Gary Ogden05 Apr 2018 AT 10:33 AM

The ‘Stranger Things’ creators are getting sued for plagiarism

Worrying times for the Duffer brothers...
Gary Ogden05 Apr 2018 AT 10:33 AM
The Duffer brothers
© Netflix
The Duffer brothers
TV, Series, Netflix, Stranger Things
© Netflix

Stranger Things is everyone’s favourite sci-fi Netflix show, ain’t it? A truly original ‘80s-set spook-fest unlike anything that has come before it.

Or not.

I mean, regardless of its fondness for referencing retro movies, its creators have also been hit with a naughty little lawsuit, claiming they ripped the whole thing off.
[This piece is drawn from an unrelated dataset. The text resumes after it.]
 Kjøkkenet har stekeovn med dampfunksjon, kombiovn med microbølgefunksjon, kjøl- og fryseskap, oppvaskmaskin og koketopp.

Indie filmmaker Charlie Kessler made a little short film called Montauk back in 2012, and he reckons that the Duffer bros done stolen his idea.
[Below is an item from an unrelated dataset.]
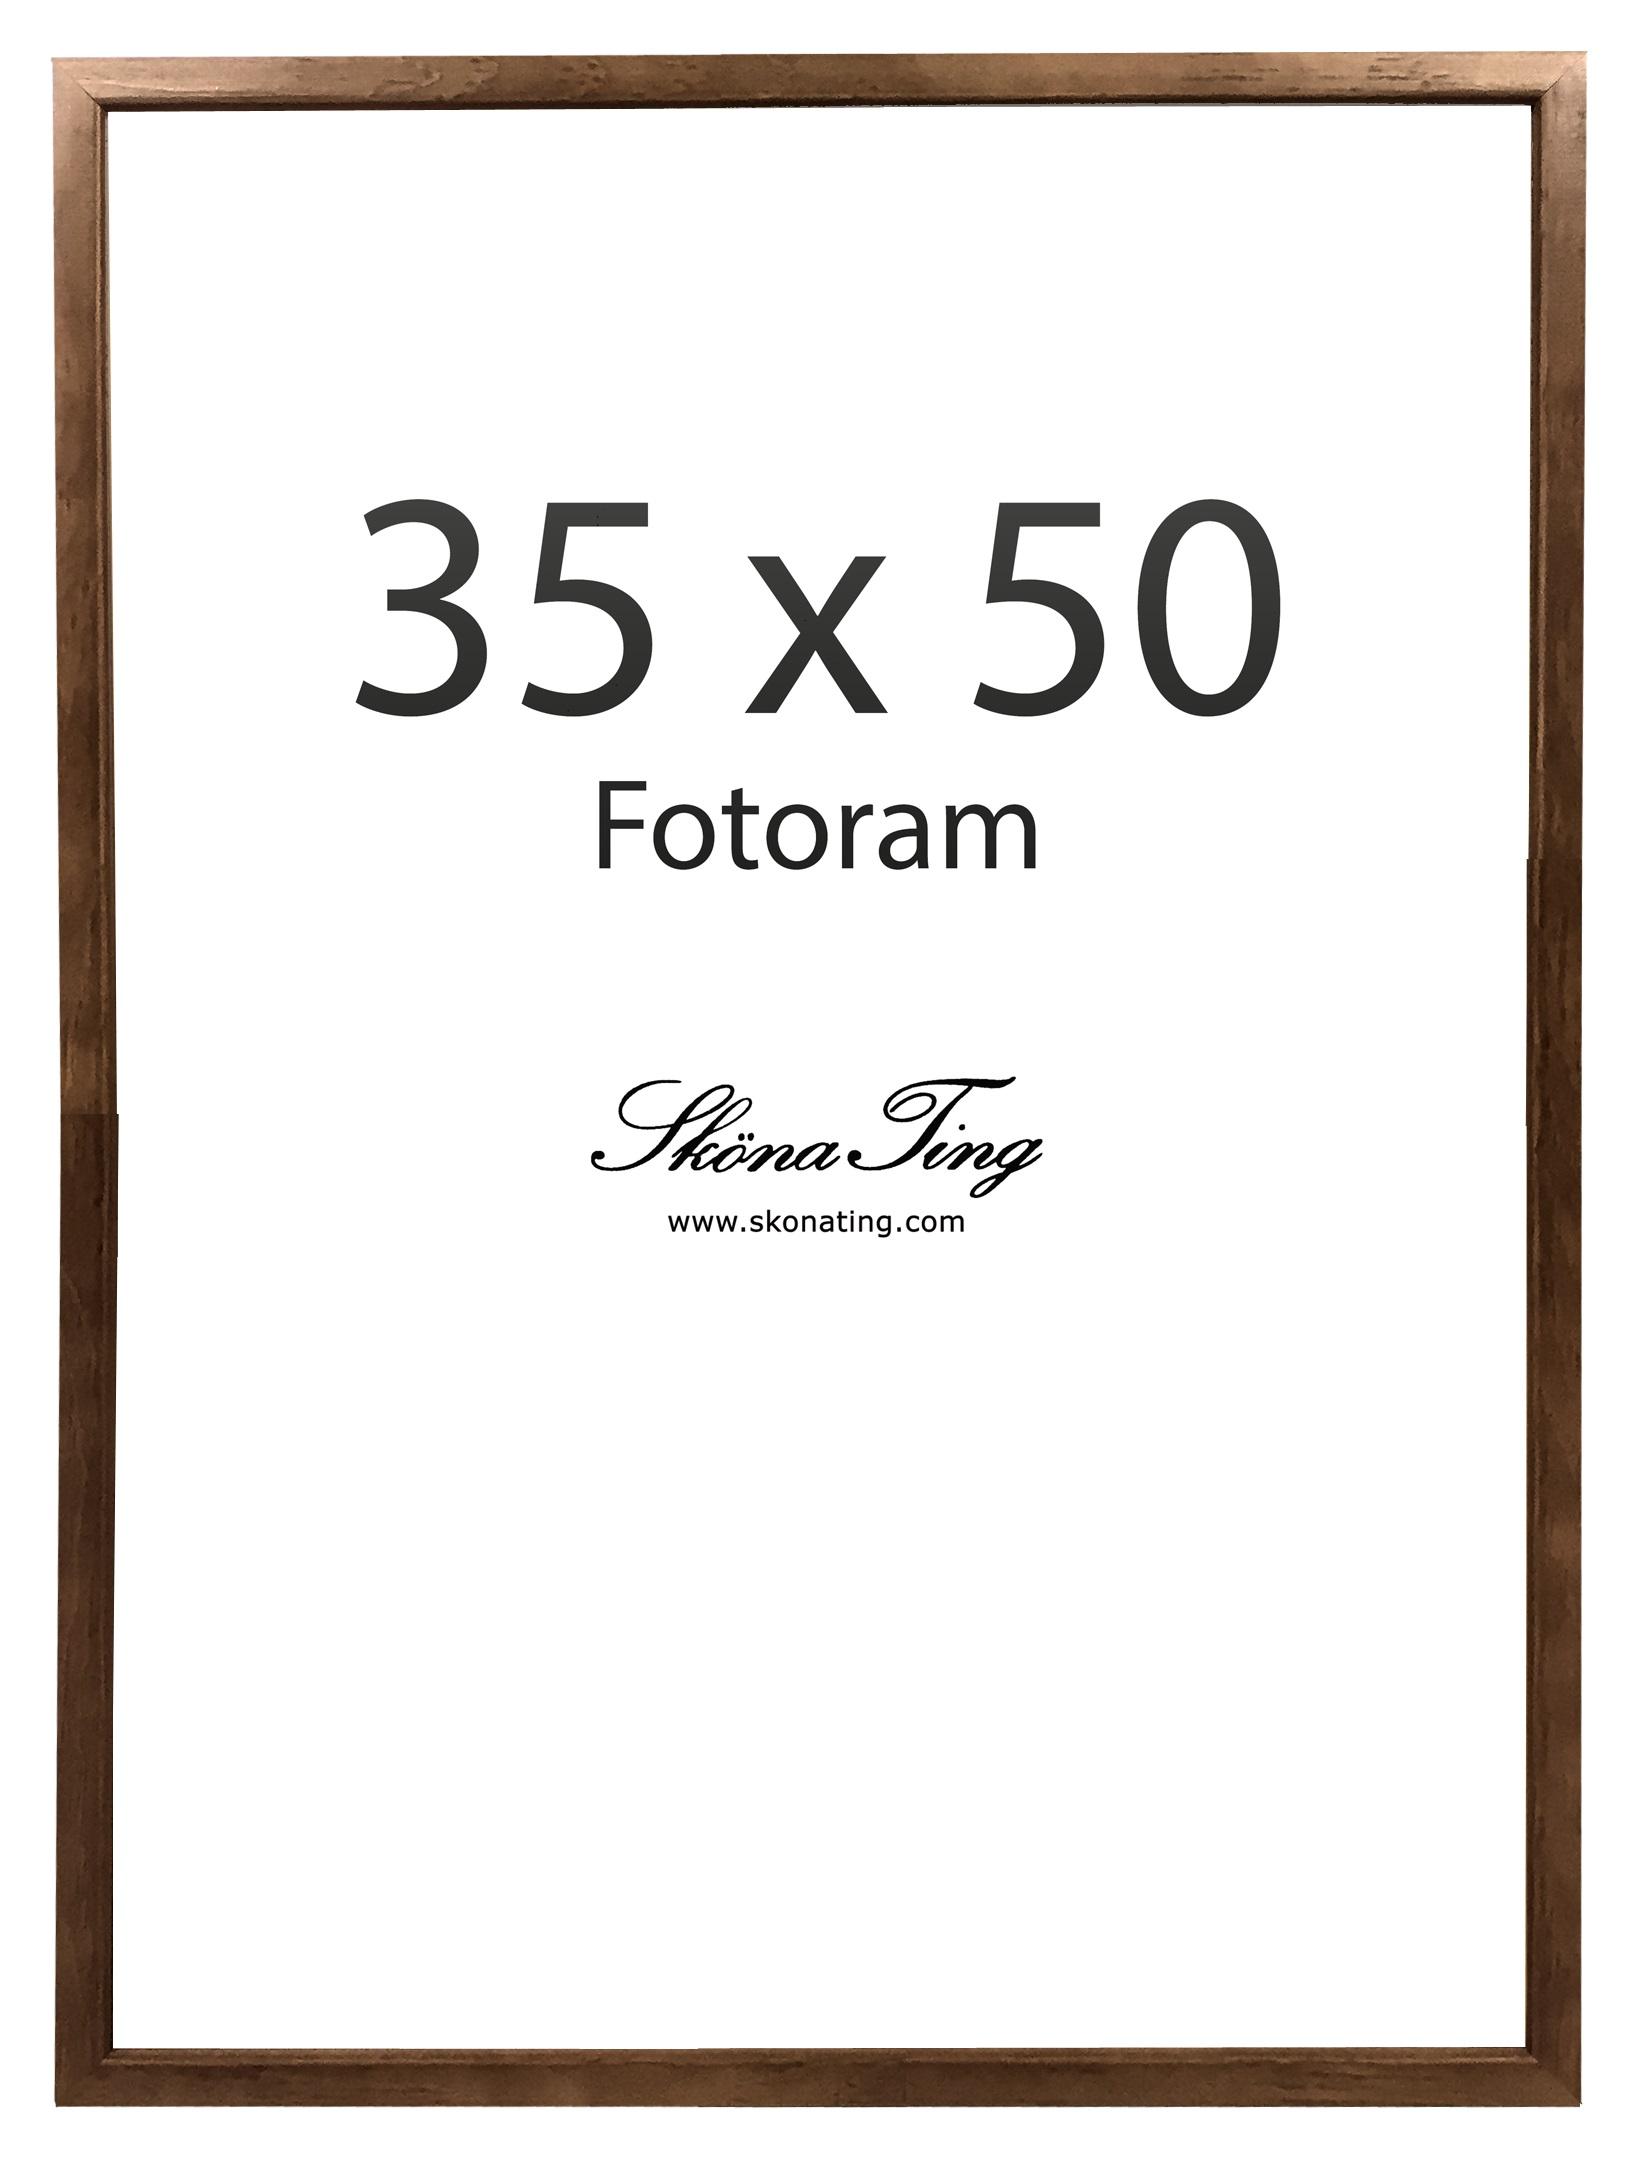 Fotoram

The lawsuit is pretty convincing though - back in 2014 at a party at the Tribeca Film Festival, Kessler pitched an idea for a TV show based on his film to the Duffers, and then later “presented materials” from their representatives involving the proposed project.
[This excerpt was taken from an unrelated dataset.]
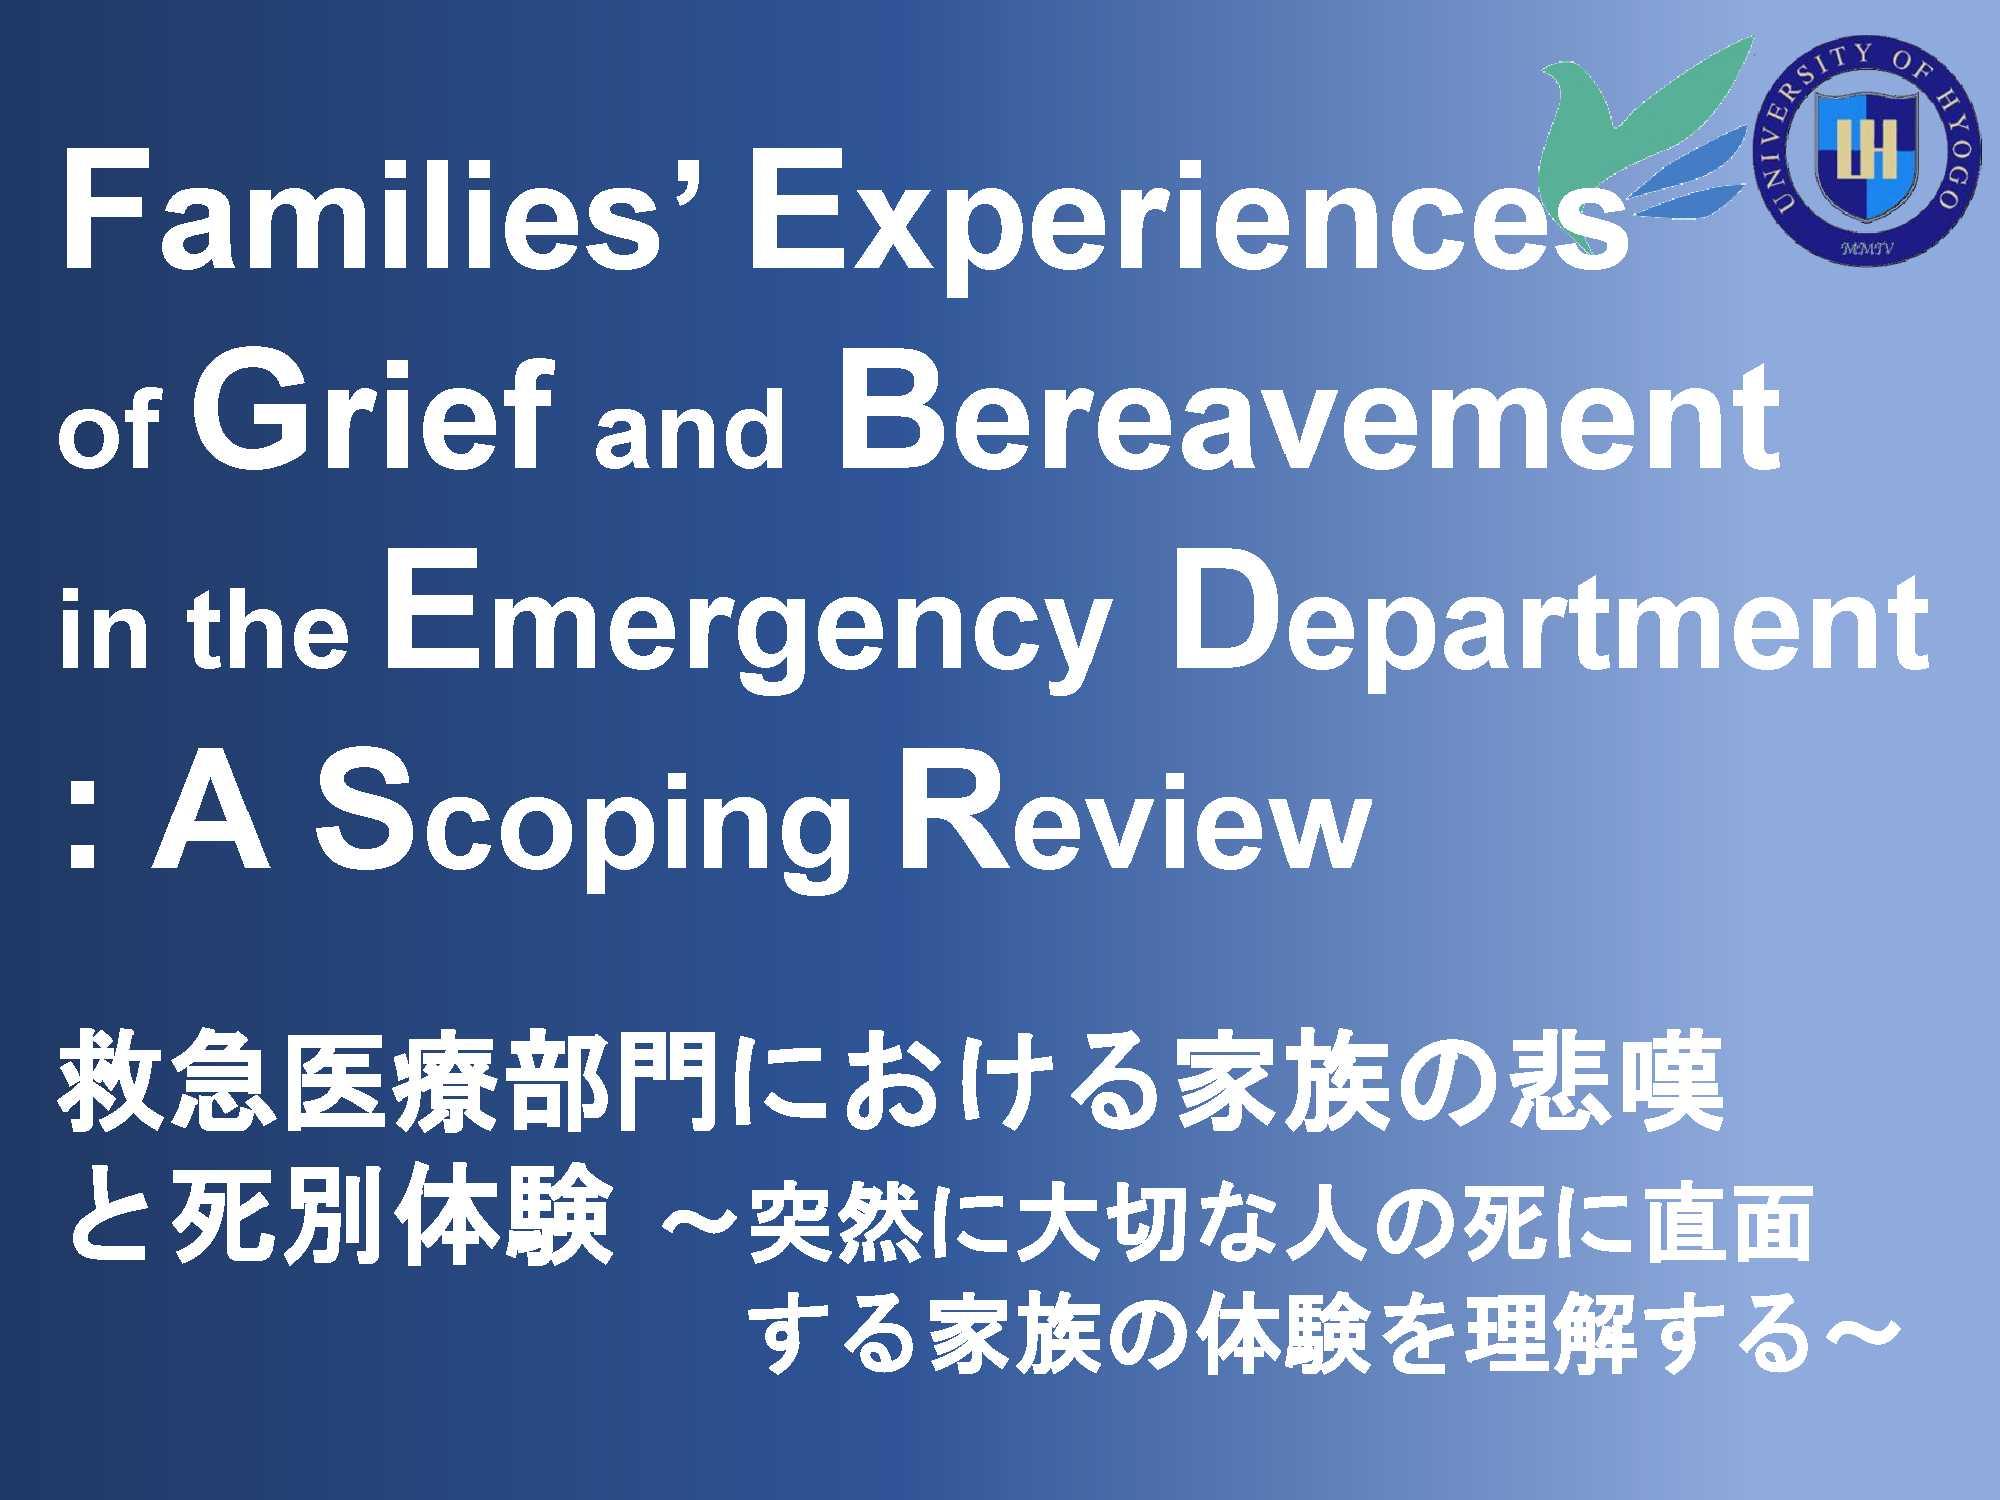 78 救急医療部門における家族の悲嘆と死別体験 ~突然に大切な人の死に直面する家族の体験を理解する~

Then - and here’s the clincher - a short year later, the Duffers sold Stranger Things to Netflix, but back then it held the provisional title of, yep, Montauk.

The show and the original film share obvious similarities, too - Montauk focused on a boy who goes missing and the cop on his tail; add to that a secretive military base experimenting on children and things start to slot into place. Or more specifically, it was based on the (allegedly) true-life Montauk Project, which was a supposed series of sneaky government experiments taking place at Montauk Air Force Station.

And oh, guess what? Stranger Things was originally set in Montauk, too. It’s all there, and it’s all rather plausible. Of course, the Duffers could simply claim they based their series on the same conspiracy theory - nobody has copyright on the public domain - but it might be a tough sell.

There’s no word on whether this will go to trial yet, but considering the evidence, I think we should at least hear Kessler out - this doesn’t look to have come from nowhere. Either way, the Duffer brothers have responded, well sort of. 

Alex Kohner, the Duffer brothers' lawyer has released an official statement. It reads: "Mr. Kessler’s claim is completely meritless. He had no connection to the creation or development of ‘Stranger Things.’ The Duffer Brothers have neither seen Mr. Kessler’s short film nor discussed any project with him. This is just an attempt to profit from other people’s creativity and hard work.”

We'll keep you posted on how things play out.